Saturday, December 7, 2024
Saturday, December 7, 2024
HomeTop NewsGovt to increase gas prices by 45% amid IMF’s Demand

Govt to increase gas prices by 45% amid IMF’s Demand

The government of Pakistan is gearing up to raise gas prices by more than 45 per cent, following the recent increase in electricity rates. This move comes in response to the demands of the International Monetary Fund (IMF), according to reports.

As part of the agreement with the IMF, the Pakistani authorities have shared their plan for the proposed gas price hike. The IMF has stressed the importance of not delaying the increase in gas tariffs, as it plays a crucial role in reducing the country’s circular debt۔

The International Monetary Fund has set a deadline for the federal cabinet to approve the Circular Debt Management Plan 2024 by the end of July. The plan’s timely approval is essential for the assessment of the institutions’ performance, which cannot be reviewed under the Circular Debt Management Plan 2023.

It is anticipated that the new Circular Debt Management Plan will include measures to address the massive circular debt of Rs. 392 billion. The IMF has specifically urged Pakistan to freeze the power sector’s circular debt at Rs. 2,374 billion and devise a comprehensive 10-year plan to effectively repay the sector’s debt.
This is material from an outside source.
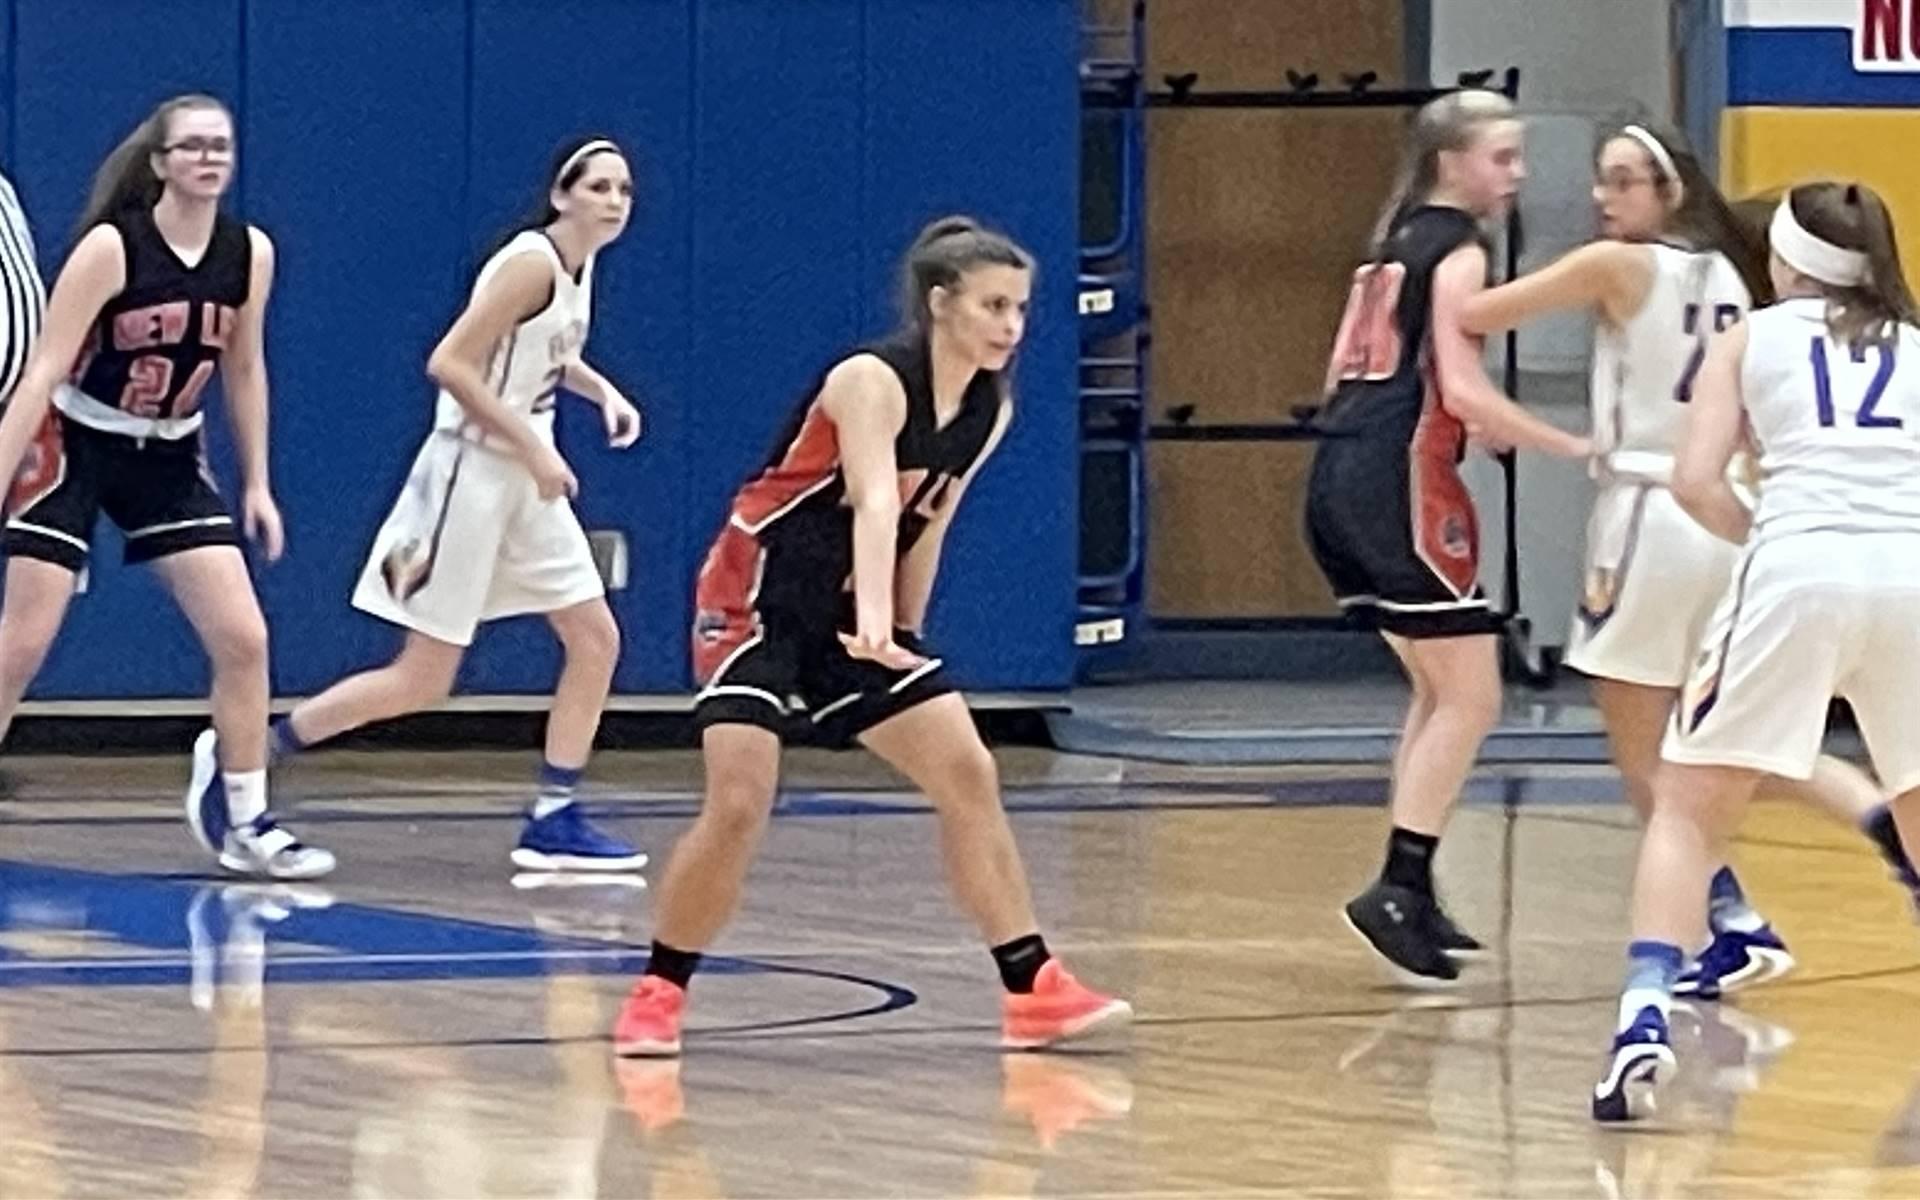 JV Basketball taking on Philo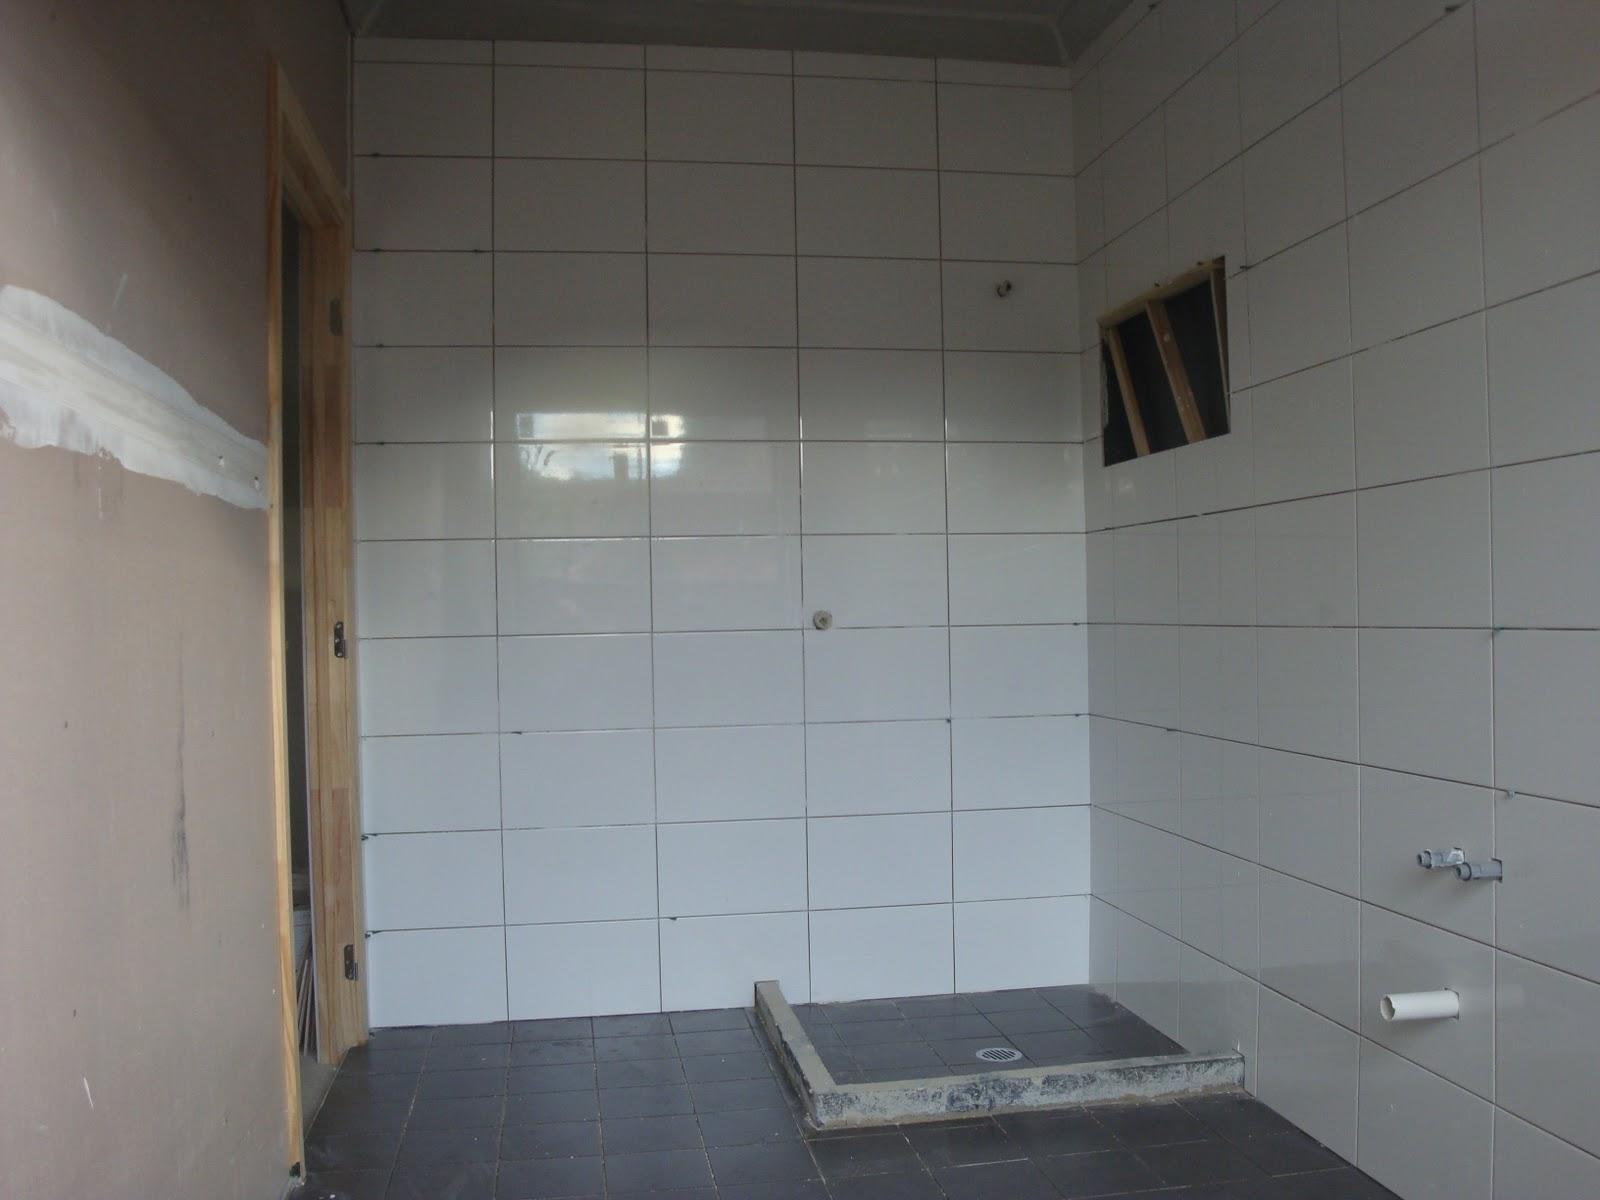 KKB Wisdom Home Sorrento 28MkII - Knockdown Rebuild: Bathroom Tiling ...

The circular debt has been a longstanding economic issue in Pakistan, contributing to financial challenges in the energy sector. Circular debt refers to the accumulation of unpaid bills and liabilities among energy generation, distribution, and transmission companies. This accumulation occurs due to the government’s inability to fully cover the costs of energy production and subsidies, leading to a significant financial burden on the sector.

By raising gas prices and implementing a detailed debt management plan, Pakistan aims to address the circular debt problem and fulfill its obligations to the IMF. The IMF’s assistance and support are crucial for the country to overcome its economic challenges and stabilize its financial situation.

However, it is important to consider the potential impact of the gas price hike on consumers and businesses. A substantial increase in gas prices could lead to higher costs for households and industries, affecting the overall cost of living and potentially causing inflationary pressures.

The government must strike a delicate balance between meeting the IMF’s demands and safeguarding the interests of its citizens and businesses. Measures should be taken to mitigate the impact of the gas price hike on vulnerable populations, ensuring that they have access to essential utilities at reasonable rates.

In addition, it is imperative for the government to address the root causes of circular debt to prevent its reemergence in the future. This may involve improving energy infrastructure, enhancing revenue collection mechanisms, and implementing efficient energy policies that promote sustainability and financial viability.

Furthermore, transparency and accountability in the energy sector are essential to building trust with both international lenders like the IMF and the domestic population. Ensuring that funds allocated for energy are used judiciously and that reforms are effectively implemented will be crucial in gaining support and cooperation from all stakeholders.

Read more: IMF Urges Pakistan to Impose Taxes on Real Estate and Agriculture for Revenue Generation

In conclusion, Pakistan’s decision to raise gas prices by over 45 per cent in line with the IMF’s demand is a significant step towards addressing the circular debt issue in the country’s energy sector. However, the government must be cautious in implementing these changes to minimize adverse effects on its citizens and businesses. A comprehensive and sustainable debt management plan, along with long-term structural reforms, will be vital in achieving economic stability and growth.